Input price inflation in Scotland saw the slowest increase in the UK, and further moderation is expected in the next year. Selling prices also had a slower increase compared to the UK average, with a rise of just 3% in the year to Q1 2024.

Profits growth in Scotland stood at 4%, outpacing the UK average of 2.6%, but the picture for the next year is bleaker, with the weakest annual profit growth of anywhere in the UK forecast.

Scottish businesses said that regulatory requirements and the tax burden were the most prominent growing challenges, reported by 48% and 33% of firms respectively. Changes to income tax in Scotland could be a concern to some Scottish businesses, particularly those reliant on consumer spending, ICAEW said.

Domestic sales growth fell slightly in the quarter, but remained higher than Scotland’s historical average. While Scottish companies predict that domestic sales will improve slightly in the year ahead, this anticipated growth will still lag behind the rise predicted for the UK as a whole.

Employment growth in Scotland increased by 2.6% in the year to Q1 2024, more than double the historical average, while salaries increased by 3.1% in the year.

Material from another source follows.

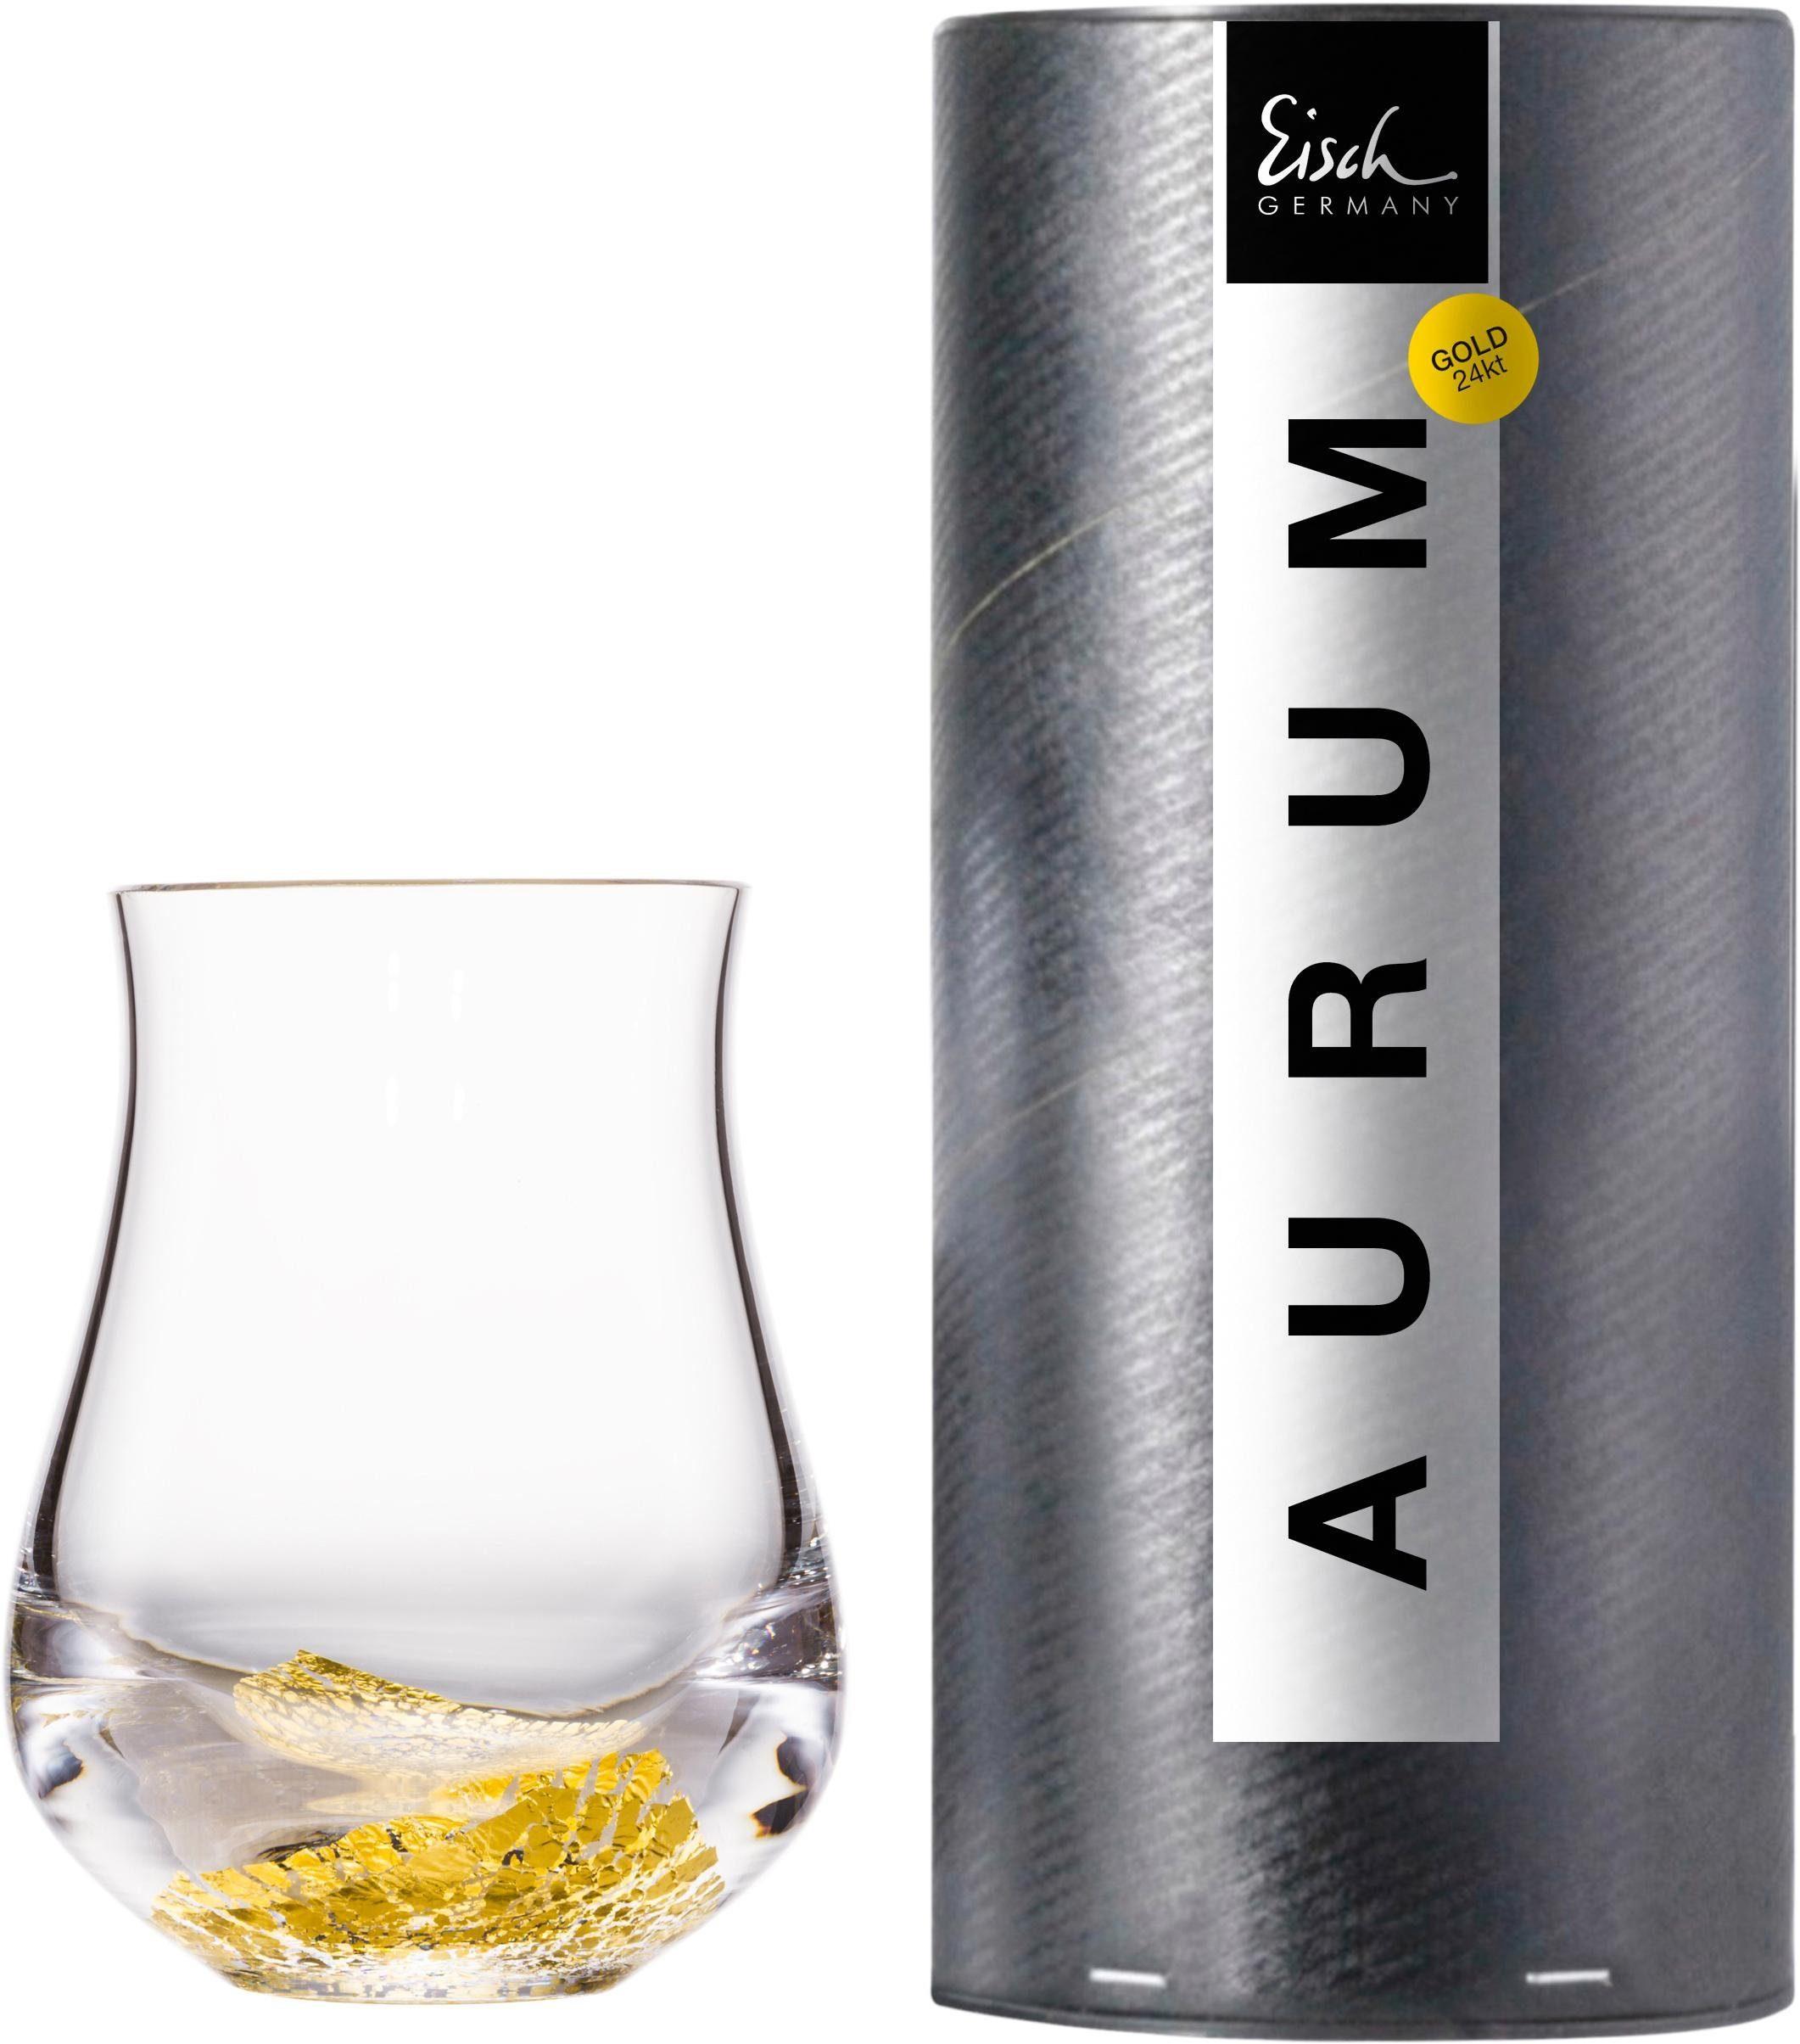 Eisch Whiskyglas Aurum, (1 tlg.), handgefertigt, bleifreies Kristallglas, 360 ml farblos Kristallgläser Gläser Glaswaren Haushaltswaren

Scottish companies boosted their capital investment by 3.8% in the year to Q1 2024, outpacing both the UK rate and Scotland’s historical norm. However, businesses plan to increase investment by only 0.2% next year, the lowest planned rise in the UK. Research and development budgets are also predicted to rise more slowly in the next year, marginally behind the UK average and much lower than Scotland’s historical average.

As set out in a series of recommendations made to all political parties ahead of the upcoming General Election, the Institute has called for a new vision for a prosperous and productive UK economy that supports businesses in the next parliament.

David Bond, ICAEW Director, Scotland, said: “It’s encouraging that business confidence in Scotland has risen significantly to the highest level for two years, with sentiment likely boosted by lower inflation, strong export growth and high profit growth.

“However, concerns about regulatory requirements and the tax burden weigh higher on Scottish businesses than their counterparts in other parts of the UK.

“The UK economy is less resilient than it should be, leaving it vulnerable to shocks and less agile to embracing innovation. Building an economy with resilience at its core, an end to weak productivity and making the UK the best place to run a business, must be among the next government’s top priorities.”

Overall in the UK, business confidence more than tripled to 14.4 on the index, surpassing the pre-pandemic average for the first time in two years, as economic conditions improved. The boost was likely underpinned by positive sales and exports projections for the next 12 months, ICAEW said.